Cartel de la gira de Paco Ibáñez.

¿Imaginó alguna vez que se convertiría en el trovador-leyenda que es hoy?

– No, no, en absoluto. Viví toda mi infancia con mi tío en un caserío con vacas y bueyes. Todos, hasta las vacas y los bueyes, hablábamos euskera. De ahí salí primero a Perpiñán y después a París. Ahora vivo en Barcelona. He andado como una pelota, de un lado a otro, pero también he tenido suerte. En la vida, si no tienes un poco de intuición y de suerte, malament, como dicen los catalanes. Y yo, he tenido suerte. Primero, al conocer a Pierre Pascal que me hizo descubrir a Brassens y después, al encontrar a Rafael Soto, el gran pintor venezolano.
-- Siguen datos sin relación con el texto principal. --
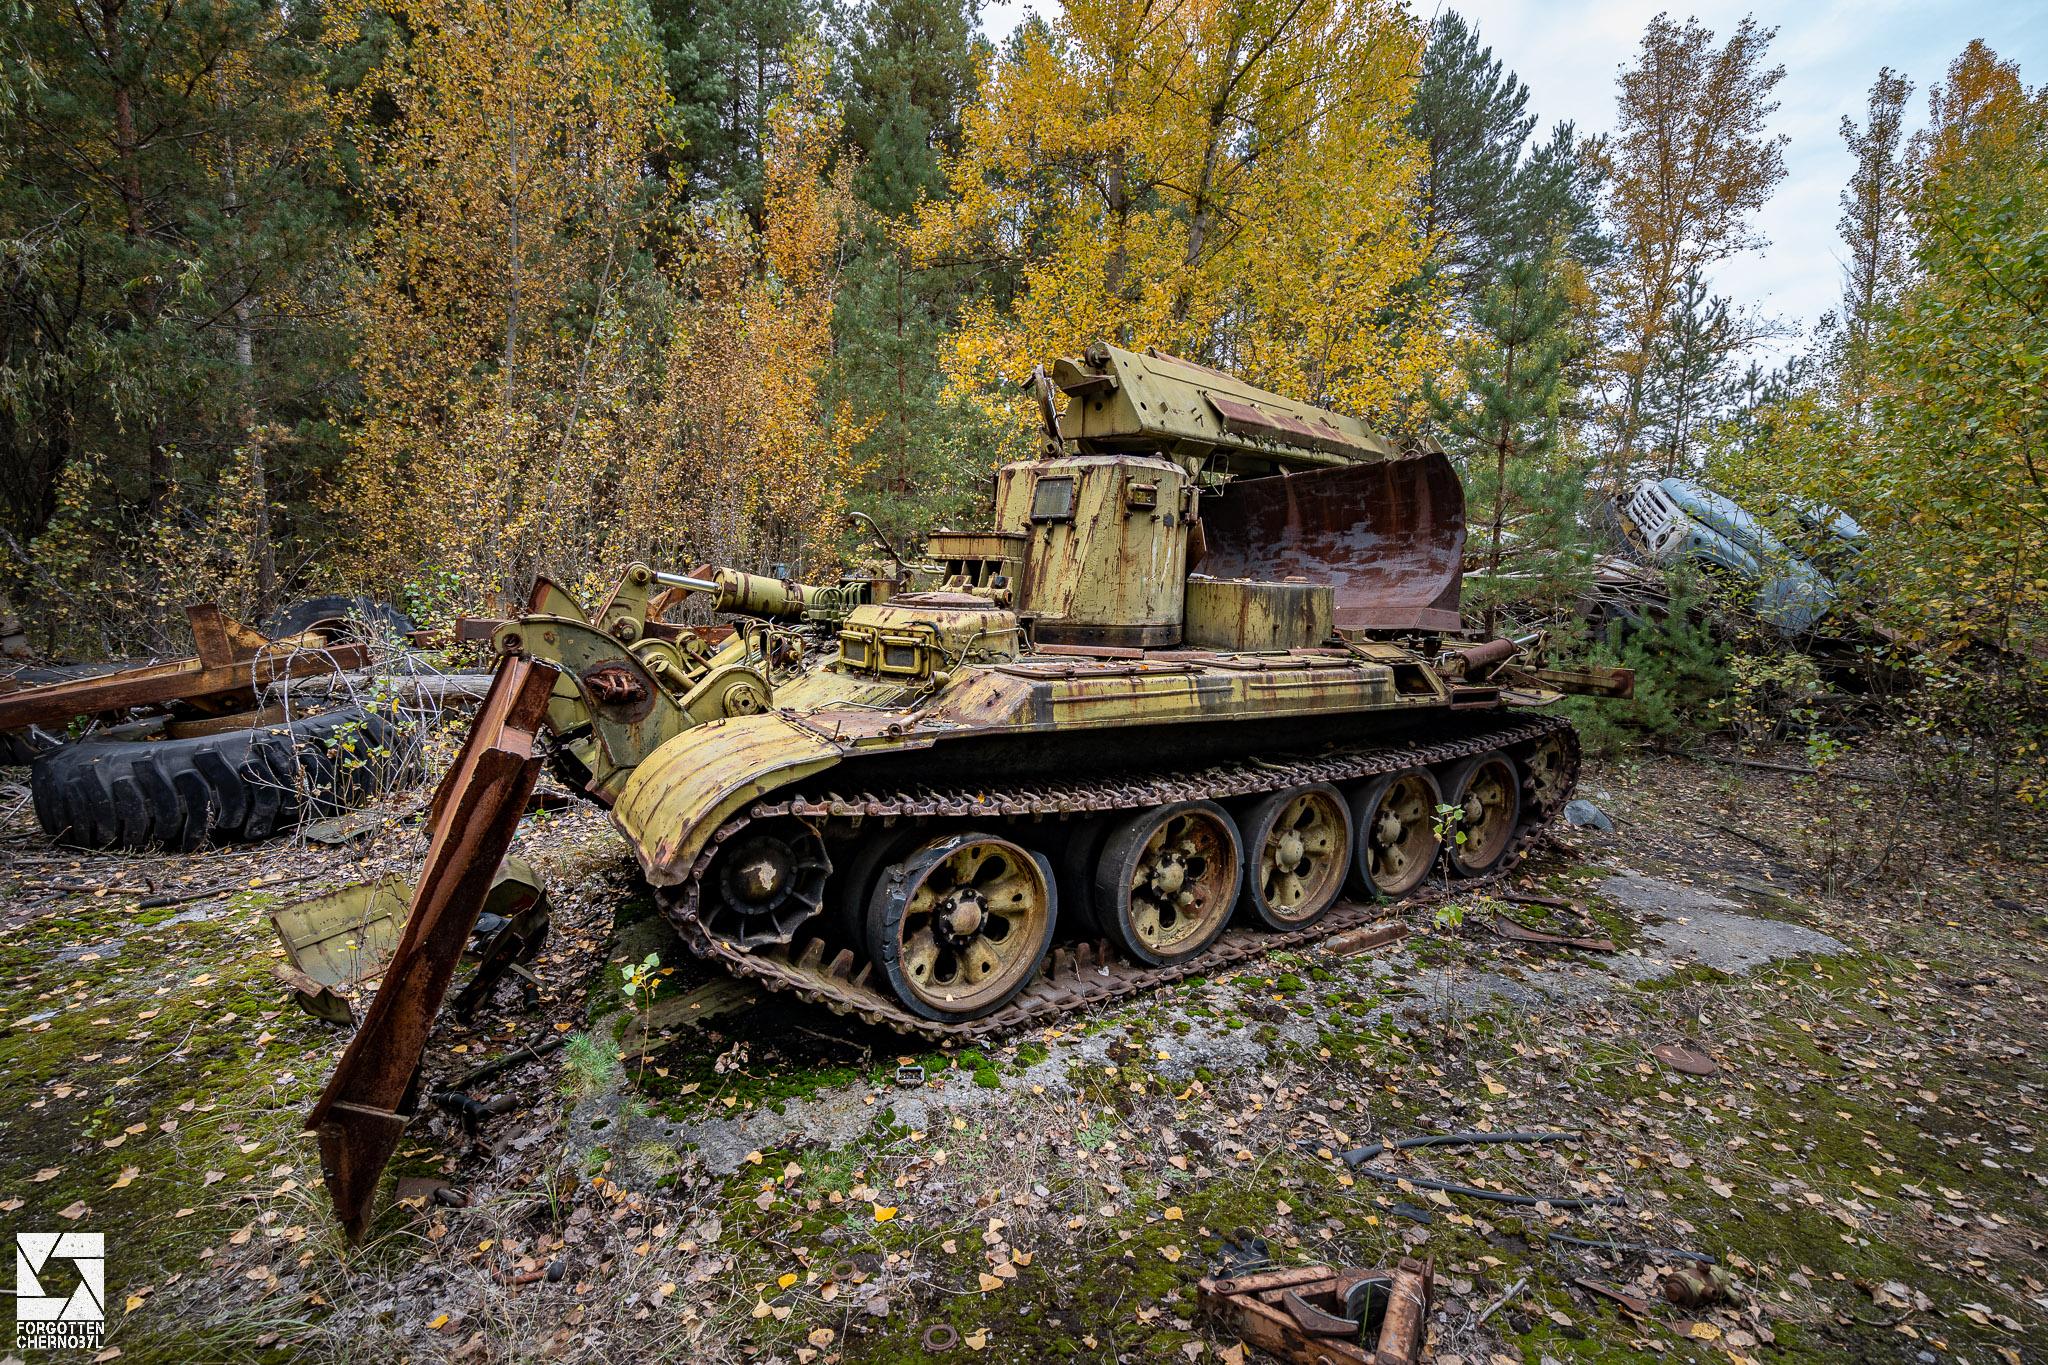 IMR Engineering Vehicle at the ATH 2 garage and repair facility near Pripyat

Trabajábamos en el cabaret haciendo música sudamericana y los músicos se burlaban de Soto. Yo no entendía mucho o, tal vez, nada de lo que hacía, pero jamás me burlé de él. Sentía que, dentro de Soto, había algo que sobrepasaba nuestra inteligencia o nuestra sensibilidad. Lo que decía Soto lo guardaba y me lo llevaba a casa. También conocí a Yupanqui. Y a Brassens, una enorme suerte, porque él fue quien me dio la pauta de lo que es la canción, de lo que es un poema, de lo que es el arte…

Todos tenemos que irnos un día. ¿Qué canción le gustaría que le acompañase en su adiós?

– Pues no sé, la verdad, porque no pienso irme.

- ¿Qué responde? Si le digo...

- Pobreza… 

-Que alguien se ha enriquecido a costa tuya.

- Libertad…

- Es como si hubiese una ventana cerrada que no te deja respirar y la abres y así puedes seguir viviendo y respirando.

- Premios…

- Ninguno. Creo que los que dan los premios se los dan a sí mismos. Son un cuento, una manera de realzar algo que no entiendo… Realza educando a la gente e introduciendo cultura para que la gente tenga su propio criterio y pueda escoger… Quienes dan premios son siempre los que se benefician. No tengo teoría pero es instinto, instinto. No aceptaré nunca ningún premio.

- Futuro…

- Enciendo la luz

- Julia…

- Me pongo a cantarla y a vivirla.

La gira internacional de Paco Ibáñez se completará con estas fechas: 27 de abril Barcelona, 4 de mayo Valencia, 2 de julio Palma de Mallorca, 23 de julio Sète, 8 de octubre Crevillente, 20 de noviembre Getxo. Cerrará en París en una fecha por determinar.